[Data supplied Boundary: Start]

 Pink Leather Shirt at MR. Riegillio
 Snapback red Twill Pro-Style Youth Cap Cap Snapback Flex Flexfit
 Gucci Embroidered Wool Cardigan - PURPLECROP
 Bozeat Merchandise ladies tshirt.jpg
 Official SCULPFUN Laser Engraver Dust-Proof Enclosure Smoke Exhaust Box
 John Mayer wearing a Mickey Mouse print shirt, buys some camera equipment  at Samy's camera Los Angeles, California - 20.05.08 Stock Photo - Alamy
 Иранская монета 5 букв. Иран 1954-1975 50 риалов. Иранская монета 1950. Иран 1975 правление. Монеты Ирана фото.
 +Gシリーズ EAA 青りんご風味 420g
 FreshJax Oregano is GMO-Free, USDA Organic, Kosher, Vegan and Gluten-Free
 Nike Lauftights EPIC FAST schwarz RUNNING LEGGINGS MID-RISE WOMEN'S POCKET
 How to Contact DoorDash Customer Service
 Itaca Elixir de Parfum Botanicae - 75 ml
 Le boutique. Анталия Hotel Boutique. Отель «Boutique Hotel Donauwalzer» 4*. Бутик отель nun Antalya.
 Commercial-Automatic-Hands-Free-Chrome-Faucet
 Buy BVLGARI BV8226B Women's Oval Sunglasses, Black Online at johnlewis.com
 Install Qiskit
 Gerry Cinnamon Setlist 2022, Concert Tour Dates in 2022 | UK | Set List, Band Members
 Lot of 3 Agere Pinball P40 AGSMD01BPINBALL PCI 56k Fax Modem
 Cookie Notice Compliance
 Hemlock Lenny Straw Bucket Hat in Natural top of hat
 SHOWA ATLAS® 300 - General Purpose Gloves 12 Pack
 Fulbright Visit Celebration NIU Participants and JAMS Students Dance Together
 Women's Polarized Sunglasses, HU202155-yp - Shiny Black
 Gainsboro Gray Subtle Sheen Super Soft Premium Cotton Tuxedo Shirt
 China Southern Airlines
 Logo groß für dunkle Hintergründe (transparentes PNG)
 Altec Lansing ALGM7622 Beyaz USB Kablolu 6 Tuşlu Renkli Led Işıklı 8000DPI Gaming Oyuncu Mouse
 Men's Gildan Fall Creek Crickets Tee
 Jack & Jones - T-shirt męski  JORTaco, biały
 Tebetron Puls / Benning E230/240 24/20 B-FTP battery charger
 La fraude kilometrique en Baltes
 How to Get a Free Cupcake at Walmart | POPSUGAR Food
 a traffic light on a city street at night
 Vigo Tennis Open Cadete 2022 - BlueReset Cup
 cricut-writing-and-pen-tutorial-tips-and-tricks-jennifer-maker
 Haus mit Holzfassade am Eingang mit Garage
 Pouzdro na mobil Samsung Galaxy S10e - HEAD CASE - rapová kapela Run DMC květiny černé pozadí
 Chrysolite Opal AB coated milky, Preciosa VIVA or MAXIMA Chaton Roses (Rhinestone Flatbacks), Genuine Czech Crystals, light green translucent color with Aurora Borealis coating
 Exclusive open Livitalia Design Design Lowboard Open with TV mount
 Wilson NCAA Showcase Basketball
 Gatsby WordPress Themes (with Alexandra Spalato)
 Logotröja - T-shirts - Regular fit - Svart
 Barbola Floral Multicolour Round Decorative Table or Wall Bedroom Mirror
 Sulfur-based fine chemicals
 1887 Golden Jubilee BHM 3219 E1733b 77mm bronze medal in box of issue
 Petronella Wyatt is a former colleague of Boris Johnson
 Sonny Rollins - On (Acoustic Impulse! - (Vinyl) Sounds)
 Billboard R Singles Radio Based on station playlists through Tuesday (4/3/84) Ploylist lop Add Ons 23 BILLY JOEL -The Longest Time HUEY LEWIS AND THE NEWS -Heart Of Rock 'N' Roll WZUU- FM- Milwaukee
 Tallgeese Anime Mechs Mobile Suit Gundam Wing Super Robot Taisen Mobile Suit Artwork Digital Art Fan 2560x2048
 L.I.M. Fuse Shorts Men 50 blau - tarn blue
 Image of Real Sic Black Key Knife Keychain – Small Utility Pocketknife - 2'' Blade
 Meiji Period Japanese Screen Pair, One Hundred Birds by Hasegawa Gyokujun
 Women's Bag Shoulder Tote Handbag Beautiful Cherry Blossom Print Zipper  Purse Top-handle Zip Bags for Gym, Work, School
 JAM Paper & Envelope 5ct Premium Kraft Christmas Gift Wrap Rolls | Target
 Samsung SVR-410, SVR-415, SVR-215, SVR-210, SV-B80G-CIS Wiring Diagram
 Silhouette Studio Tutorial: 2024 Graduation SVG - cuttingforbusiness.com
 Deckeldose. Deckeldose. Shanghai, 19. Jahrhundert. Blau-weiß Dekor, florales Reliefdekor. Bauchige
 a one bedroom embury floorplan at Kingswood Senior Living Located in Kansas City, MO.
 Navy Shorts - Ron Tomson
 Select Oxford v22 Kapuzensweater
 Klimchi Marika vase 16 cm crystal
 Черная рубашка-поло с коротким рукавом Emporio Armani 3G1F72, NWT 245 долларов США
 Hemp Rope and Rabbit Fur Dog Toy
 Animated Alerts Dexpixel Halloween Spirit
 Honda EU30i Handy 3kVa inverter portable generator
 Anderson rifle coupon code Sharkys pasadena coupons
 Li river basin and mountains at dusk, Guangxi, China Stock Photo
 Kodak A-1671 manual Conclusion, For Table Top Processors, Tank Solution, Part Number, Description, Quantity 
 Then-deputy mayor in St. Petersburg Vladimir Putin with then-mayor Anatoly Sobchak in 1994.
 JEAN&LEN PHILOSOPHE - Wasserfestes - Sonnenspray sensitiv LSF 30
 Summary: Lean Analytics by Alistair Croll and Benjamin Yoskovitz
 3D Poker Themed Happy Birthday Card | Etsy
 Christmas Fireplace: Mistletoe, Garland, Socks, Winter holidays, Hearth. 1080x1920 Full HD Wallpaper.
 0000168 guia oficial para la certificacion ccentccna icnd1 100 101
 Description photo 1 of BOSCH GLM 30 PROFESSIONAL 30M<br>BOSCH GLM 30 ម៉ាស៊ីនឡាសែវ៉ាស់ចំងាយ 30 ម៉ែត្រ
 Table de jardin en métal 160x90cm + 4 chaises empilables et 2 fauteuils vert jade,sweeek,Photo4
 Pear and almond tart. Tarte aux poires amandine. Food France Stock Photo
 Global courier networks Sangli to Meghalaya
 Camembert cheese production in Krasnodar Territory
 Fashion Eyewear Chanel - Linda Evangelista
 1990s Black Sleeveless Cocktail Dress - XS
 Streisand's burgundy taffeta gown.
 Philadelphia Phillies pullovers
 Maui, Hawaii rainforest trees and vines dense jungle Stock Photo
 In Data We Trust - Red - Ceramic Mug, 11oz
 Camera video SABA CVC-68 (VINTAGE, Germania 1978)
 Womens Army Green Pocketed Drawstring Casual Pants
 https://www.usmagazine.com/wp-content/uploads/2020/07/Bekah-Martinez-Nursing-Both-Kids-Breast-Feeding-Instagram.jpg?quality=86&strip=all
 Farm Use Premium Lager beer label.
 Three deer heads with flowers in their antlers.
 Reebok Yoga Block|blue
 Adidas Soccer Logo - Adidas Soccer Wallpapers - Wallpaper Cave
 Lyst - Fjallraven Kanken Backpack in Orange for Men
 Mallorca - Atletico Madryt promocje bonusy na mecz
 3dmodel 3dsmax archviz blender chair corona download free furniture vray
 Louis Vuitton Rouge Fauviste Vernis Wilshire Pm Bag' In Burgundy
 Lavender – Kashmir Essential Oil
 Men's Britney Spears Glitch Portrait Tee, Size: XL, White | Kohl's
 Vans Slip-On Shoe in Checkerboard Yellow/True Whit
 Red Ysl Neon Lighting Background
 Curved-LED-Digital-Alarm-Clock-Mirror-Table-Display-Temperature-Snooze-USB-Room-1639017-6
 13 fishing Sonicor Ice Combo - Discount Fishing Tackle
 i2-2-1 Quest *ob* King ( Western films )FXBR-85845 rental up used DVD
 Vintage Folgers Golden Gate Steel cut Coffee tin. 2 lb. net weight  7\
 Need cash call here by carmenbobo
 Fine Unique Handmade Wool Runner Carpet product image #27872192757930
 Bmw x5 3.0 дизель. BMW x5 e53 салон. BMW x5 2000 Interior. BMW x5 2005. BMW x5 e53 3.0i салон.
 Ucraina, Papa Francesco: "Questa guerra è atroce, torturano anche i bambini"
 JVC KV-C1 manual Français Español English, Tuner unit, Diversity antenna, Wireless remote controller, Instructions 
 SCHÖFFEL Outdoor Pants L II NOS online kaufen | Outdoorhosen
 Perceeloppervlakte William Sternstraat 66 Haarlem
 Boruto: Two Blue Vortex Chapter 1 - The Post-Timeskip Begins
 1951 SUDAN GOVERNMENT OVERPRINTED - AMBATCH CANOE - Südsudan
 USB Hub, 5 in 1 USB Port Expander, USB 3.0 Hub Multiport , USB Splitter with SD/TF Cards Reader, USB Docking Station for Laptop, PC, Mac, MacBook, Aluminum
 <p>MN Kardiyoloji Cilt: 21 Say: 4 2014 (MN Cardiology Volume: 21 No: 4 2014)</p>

[Data supplied Boundary: End]

What lines in the entries contain "Wallpaper"? Report each one by copying it.

Answer to the exercise:
 Christmas Fireplace: Mistletoe, Garland, Socks, Winter holidays, Hearth. 1080x1920 Full HD Wallpaper.
 Adidas Soccer Logo - Adidas Soccer Wallpapers - Wallpaper Cave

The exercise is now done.